Border Report: Administration’s efforts to curb the surge of migrants along the border


WASHINGTON (Reuters) — Mexican President Andres Manuel Lopez Obrador pitched a tree-planting jobs program in Central America that he said should lead to U.S. work visas, in talks with Vice President Kamala Harris on Friday about root causes of migration.

At the start of the call, Harris said the United States and Mexico must fight violence and corruption together, to help diminish migration from Central America.

“Most people don’t want to leave home and when they do it is often because they are fleeing some harm or they are forced to leave because there are no opportunities,” said Harris.

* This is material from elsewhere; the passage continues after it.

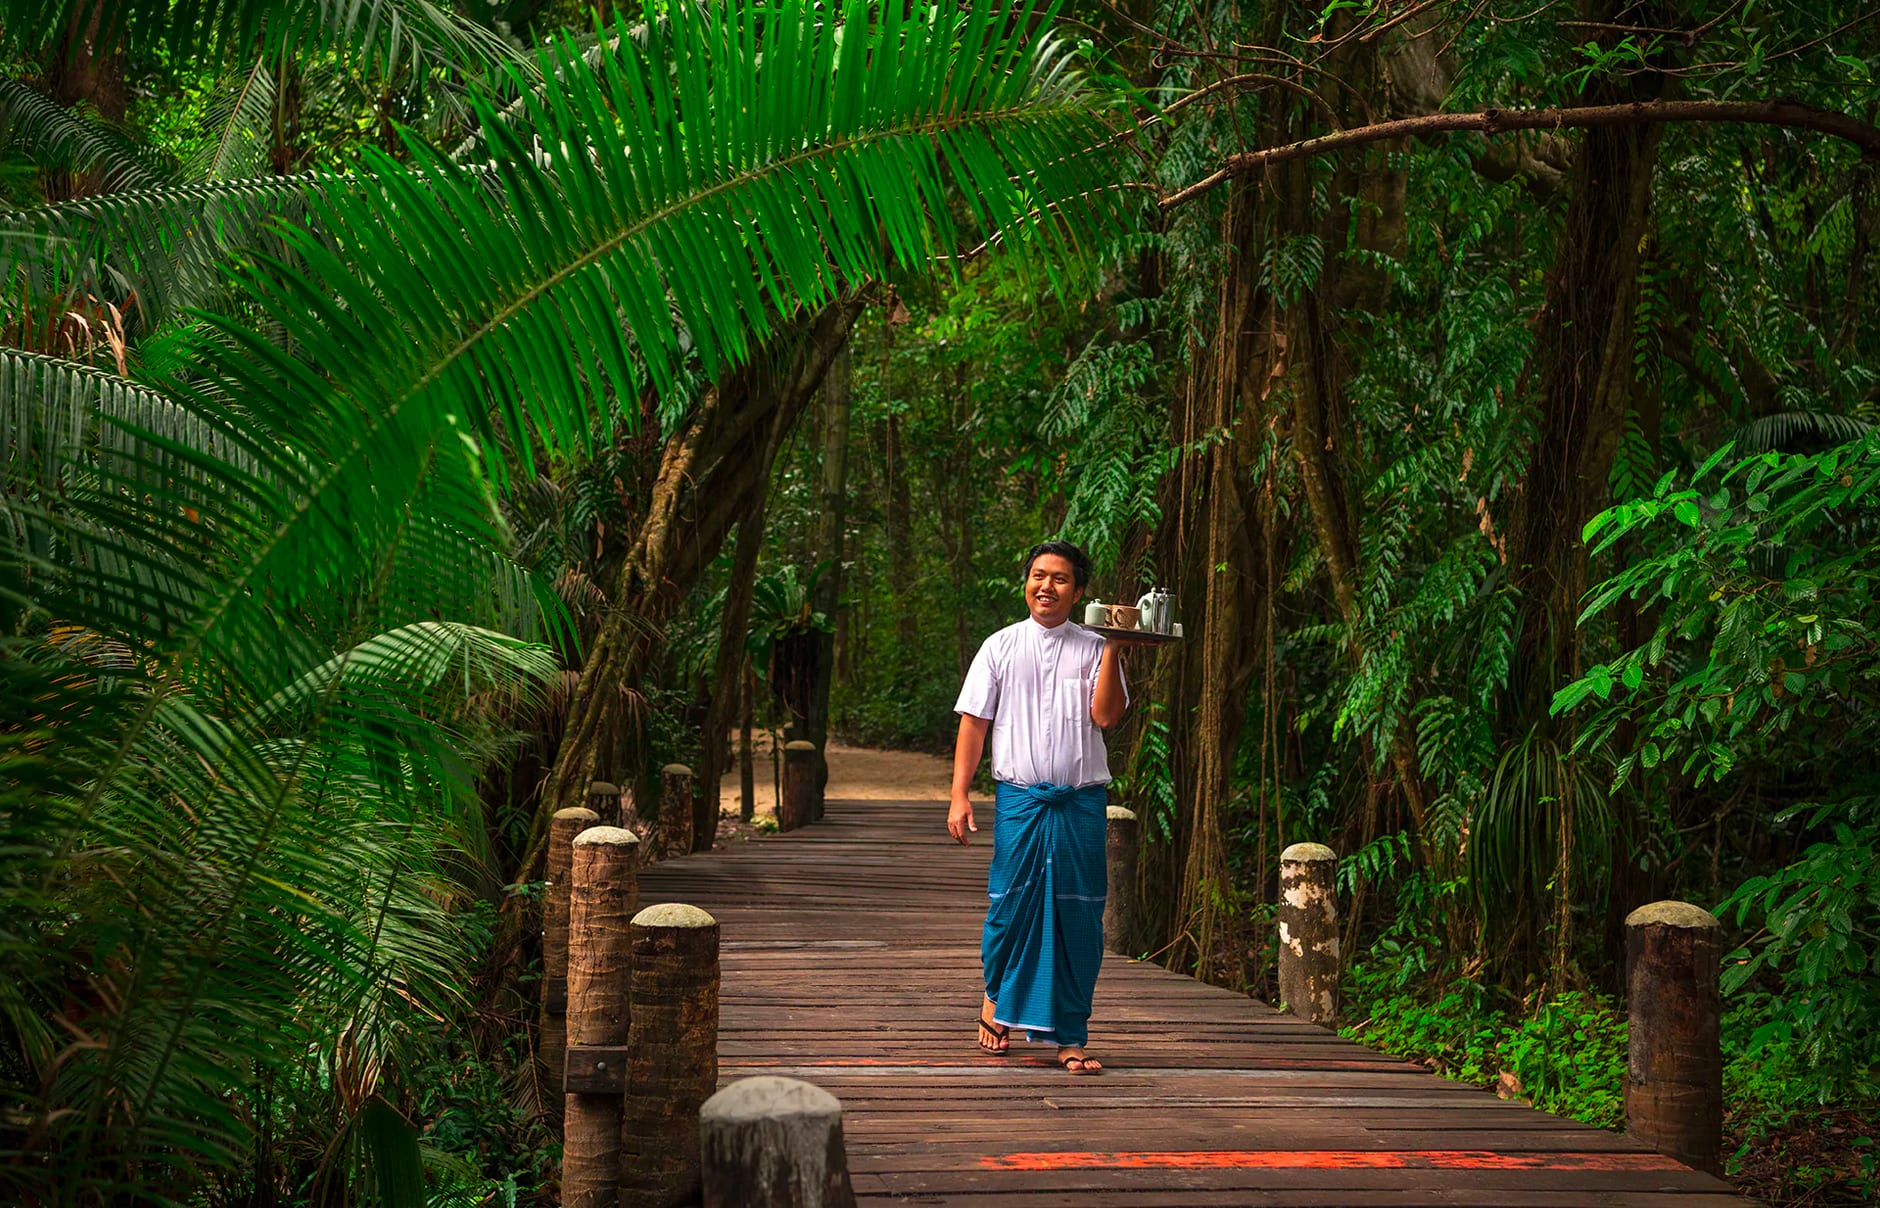 Wa Ale Island Resort, Myeik Archipelago, Myanmar. © Wa Ale Island Resort

Lopez Obrador, 67, said he had a specific proposal he wanted to discuss with Harris. He did not give details, but told reporters minutes earlier that the tree planting idea was at the top of his mind.

“We agree with the migration policies you are developing and we are going to help, you can count on us,” he said.

The Mexican leader told reporters at a news conference Friday morning that legal routes were the best solution to migration.

“If there’s a regular, normal and orderly migratory flow, we can avoid the risks migrants take who are forced to cross our country,” he said.

The trees-for-visas proposal was met with some surprise when Lopez Obrador previously raised it at a Washington climate summit in April.

President Joe Biden has entrusted Harris with leading efforts to cut immigration from Mexico and Central America’s “Northern Triangle” countries – Guatemala, Honduras, and El Salvador – as the administration grapples with an increase in people crossing into the United States at the southern border.

Harris has said she will visit Mexico and Guatemala on June 7-8, her first foreign trip as vice president.

The Biden administration has made the rule of law, judicial independence and the fight against corruption prominent elements of its strategy to improve conditions in Central America.

Lopez Obrador rose to prominence criticizing corruption in past governments and considers the issue central to his legacy.

However, shortly before Friday’s call his government made a formal diplomatic complaint to the United States for financially supporting an anti-graft group he considers to be politically opposed to the government.

Lopez Obrador said the issue would not be raised in the meeting with Harris. He also said he would not stay for the entire call.

Lopez Obrador, who touted his good relations with both the previous Trump administration and the current Biden administration, has taken a harder line with Washington on a range of issues in recent months.

Asked what Harris hoped to accomplish in the talks and what if any agreements were expected, Ricardo Zuniga, the U.S. special envoy on Central America’s Northern Triangle countries, said on Wednesday that the discussions would delve into immigration but also go beyond that issue.

“We’re undertaking these kinds of engagements with the view of the totality of our relationship with Mexico in mind,” Zuniga said. “Mexico is our largest trading partner… We’re deeply connected to them through economics and, through… our value chain and production chains.”